Philip Papadopoulos suggested the lackluster performance might be due to the fact that driver had been installed as a weak module:
[root@pulpo-osd01 ~]# modinfo mlx4_core
filename: /lib/modules/3.10.0-693.2.2.el7.x86_64/weak-updates/mlnx-en/drivers/net/ethernet/mellanox/mlx4/mlx4_core.ko
version: 4.1-1.0.2
license: Dual BSD/GPL
description: Mellanox ConnectX HCA low-level driver
author: Roland Dreier
rhelversion: 7.4
weak-updates in the driver path is the smoking gun. So let’s build Mellanox EN Driver for the current kernel.
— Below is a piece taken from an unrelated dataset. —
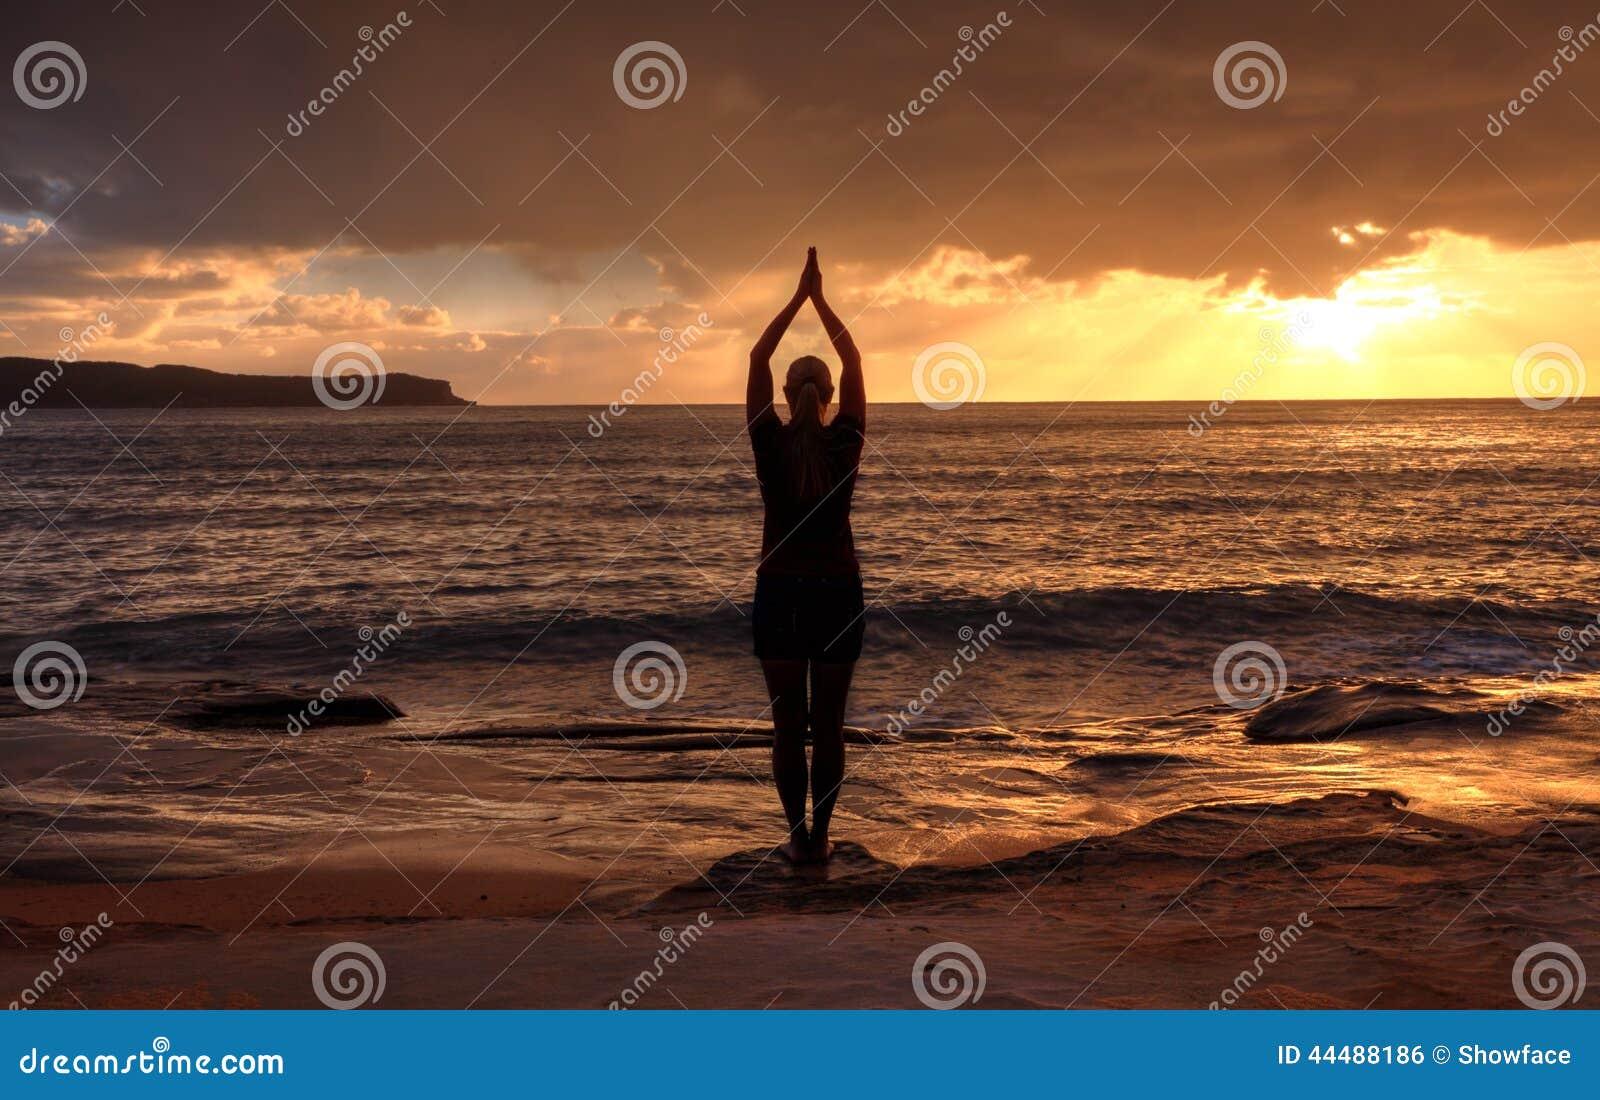 Kobieta Tadasana - Halny pozy joga morzem przy wschodem słońca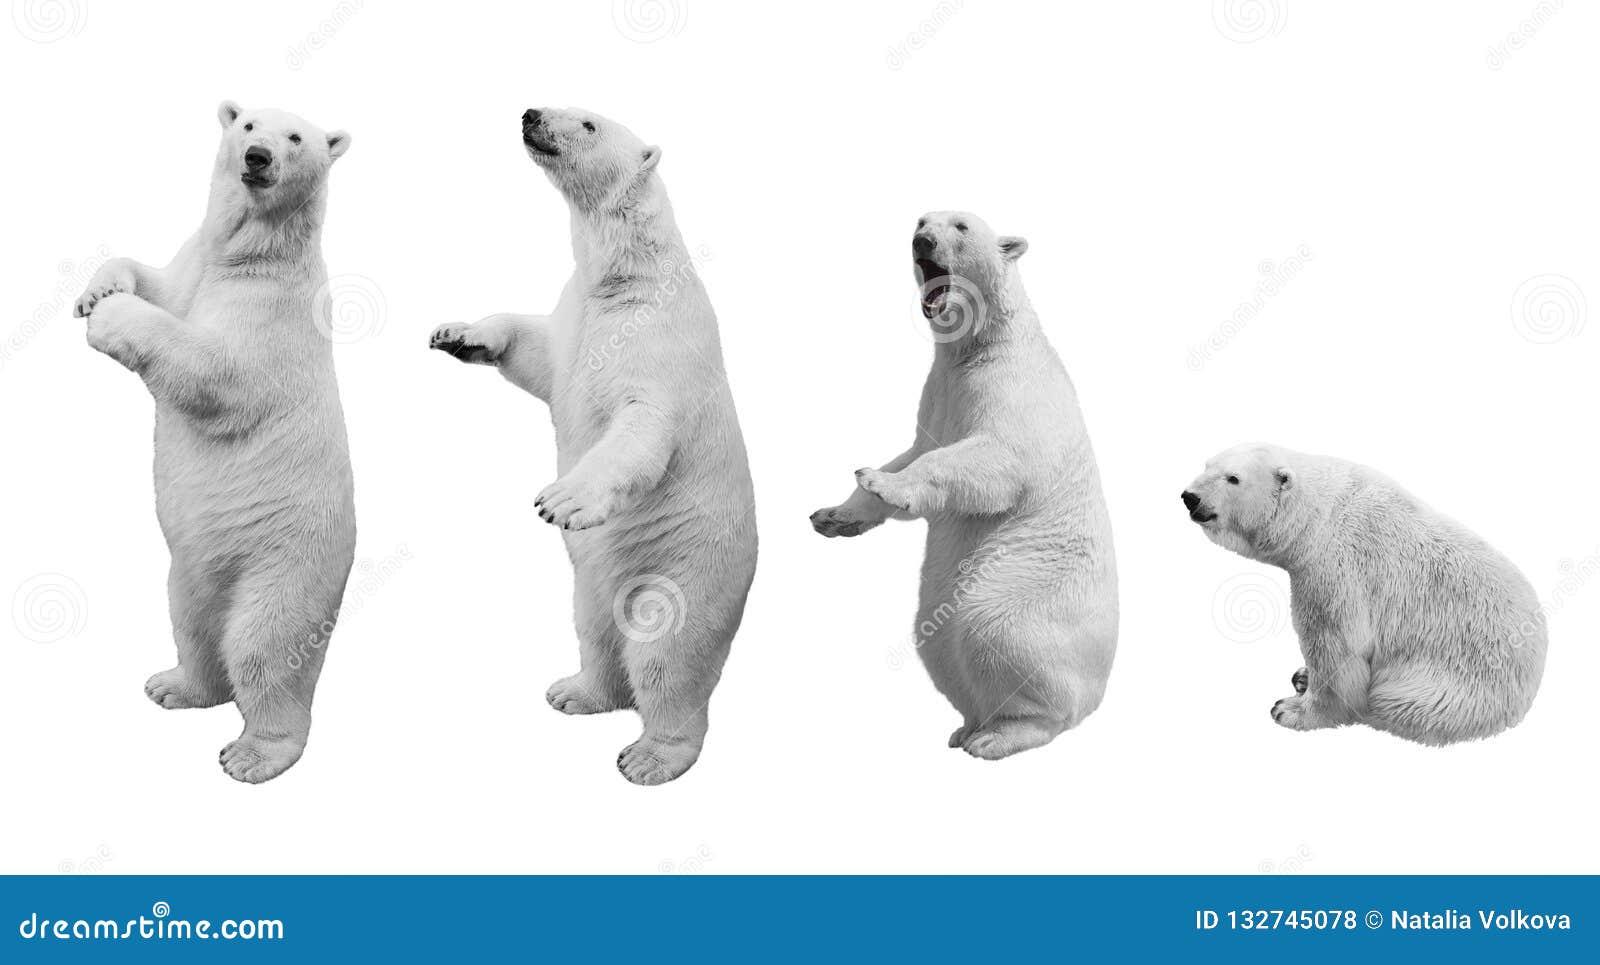 Kolaż niedźwiedź polarny w różnorodnych pozach na białym tle

Install the prerequisite packages:
# yum -y groupinstall "Development Tools"
# yum -y install createrepo
# yum -y install kernel-devel
Uninstall Mellanox EN Driver:
# ./uninstall.sh
Compile and install Mellanox EN Driver with kernel support:
# ./install --add-kernel-support
Load the new driver:
# /etc/init.d/mlnx-en.d restart
# modinfo mlx4_core
filename: /lib/modules/3.10.0-693.2.2.el7.x86_64/extra/mlnx-en/drivers/net/ethernet/mellanox/mlx4/mlx4_core.ko
version: 4.1-1.0.2
license: Dual BSD/GPL
description: Mellanox ConnectX HCA low-level driver
author: Roland Dreier
rhelversion: 7.4
The driver was successfully installed. However, it doesn’t appear to improve performance either! I’ll look further into this when I get a chance.